Assignment: Leave out the images and return all the data word for word.

Supplied data section start

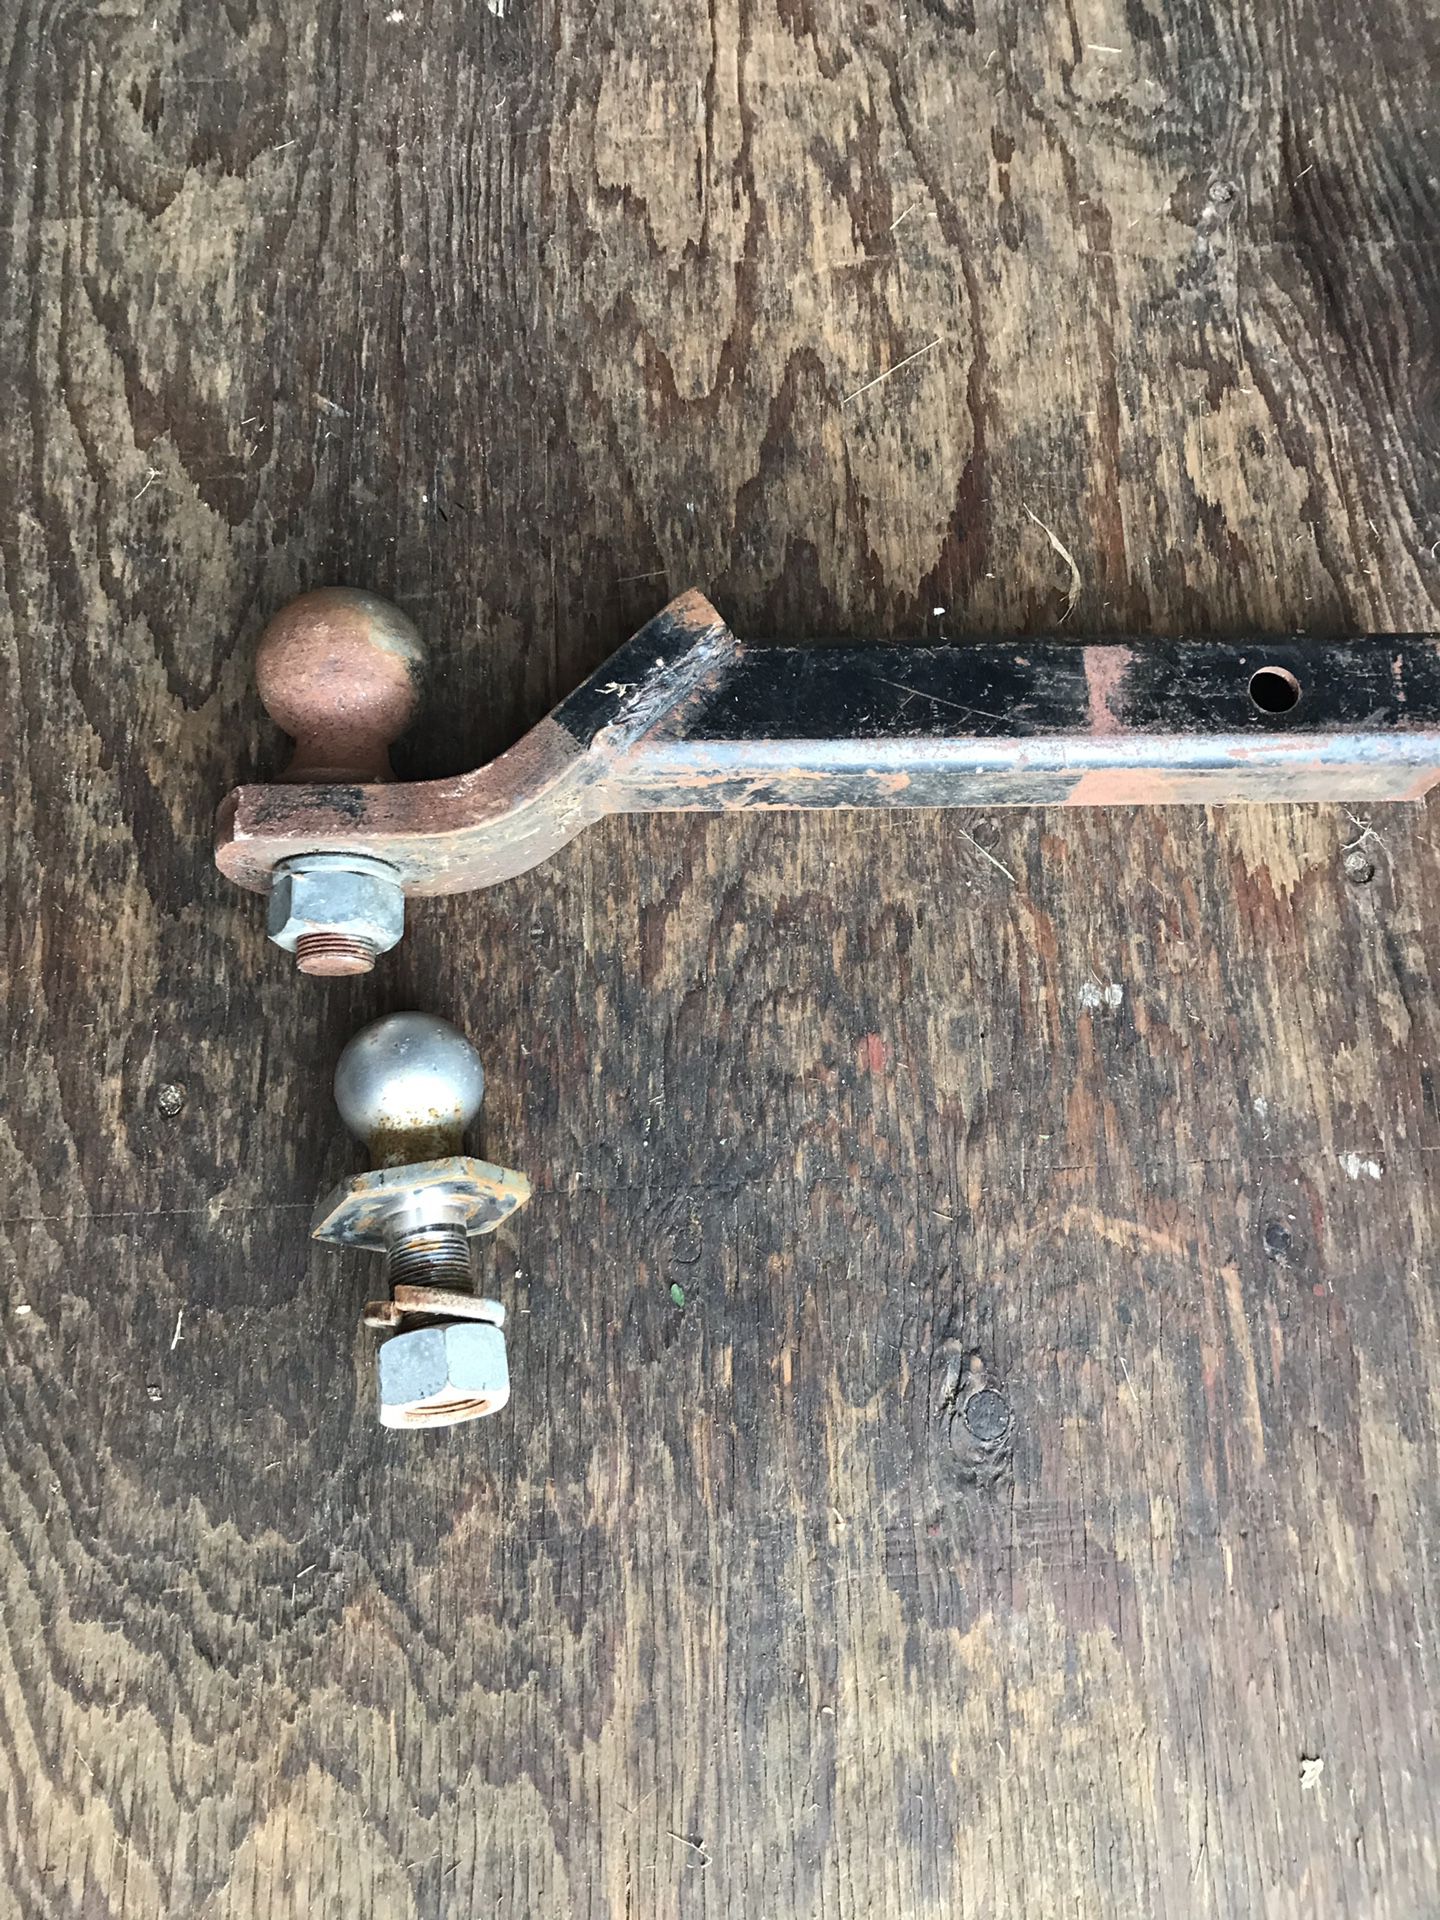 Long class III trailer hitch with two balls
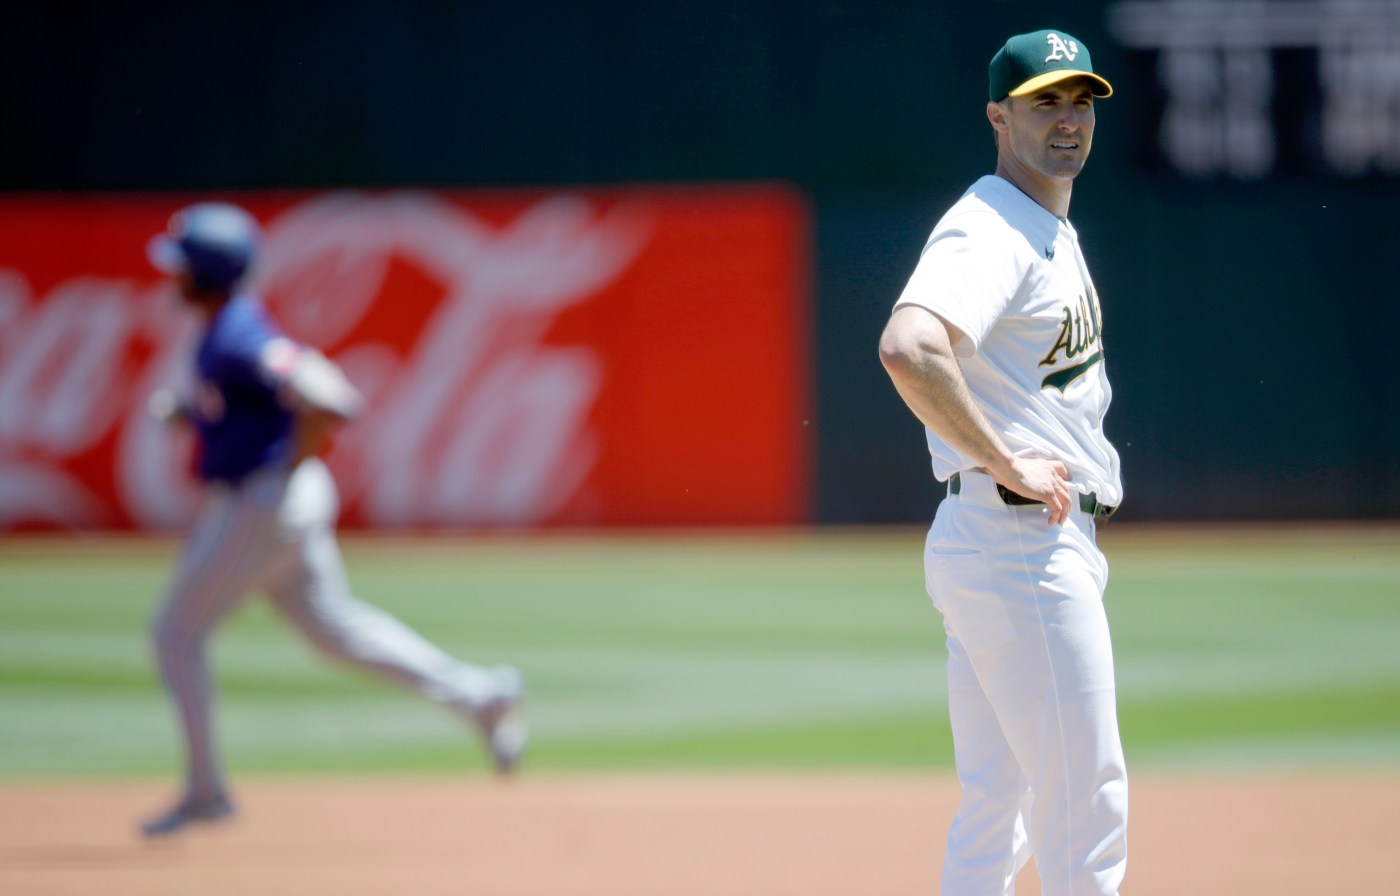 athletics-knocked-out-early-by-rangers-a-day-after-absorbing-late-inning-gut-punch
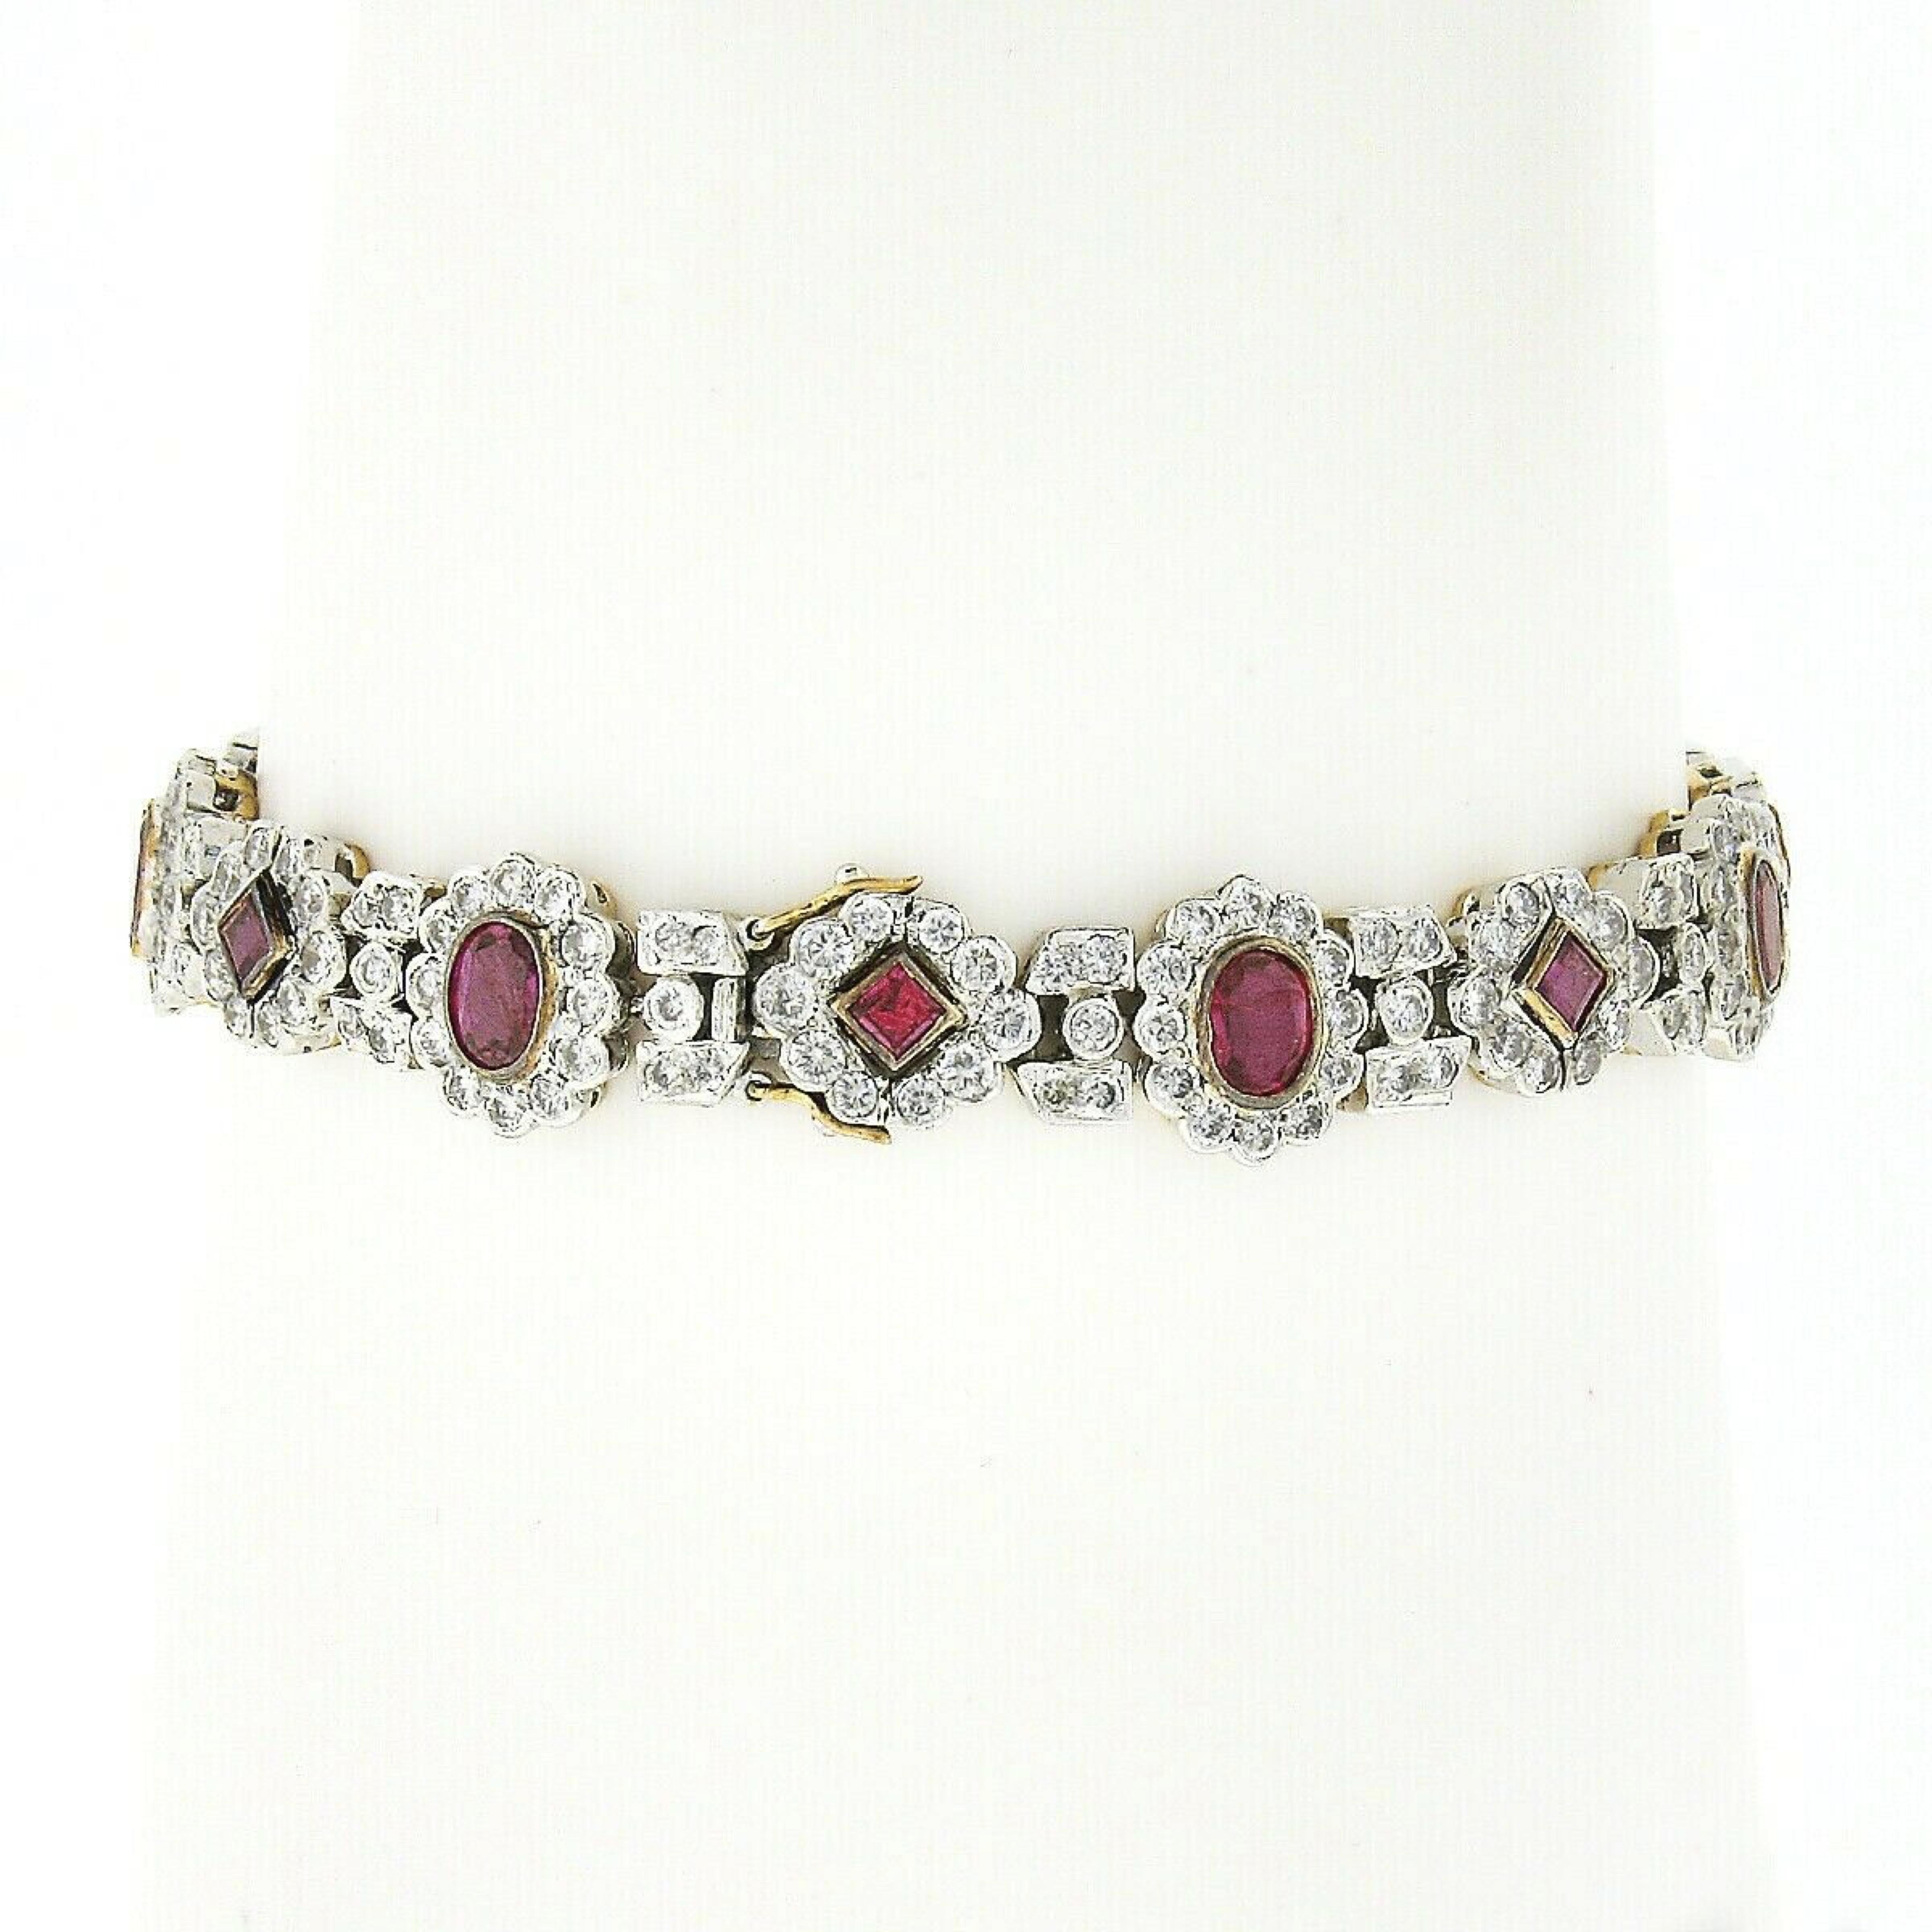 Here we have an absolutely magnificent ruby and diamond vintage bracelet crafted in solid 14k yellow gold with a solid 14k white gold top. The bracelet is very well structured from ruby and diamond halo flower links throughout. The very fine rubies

Supplied data section end

Response area:
 Long class III trailer hitch with two balls
 athletics-knocked-out-early-by-rangers-a-day-after-absorbing-late-inning-gut-punch
 Here we have an absolutely magnificent ruby and diamond vintage bracelet crafted in solid 14k yellow gold with a solid 14k white gold top. The bracelet is very well structured from ruby and diamond halo flower links throughout. The very fine rubies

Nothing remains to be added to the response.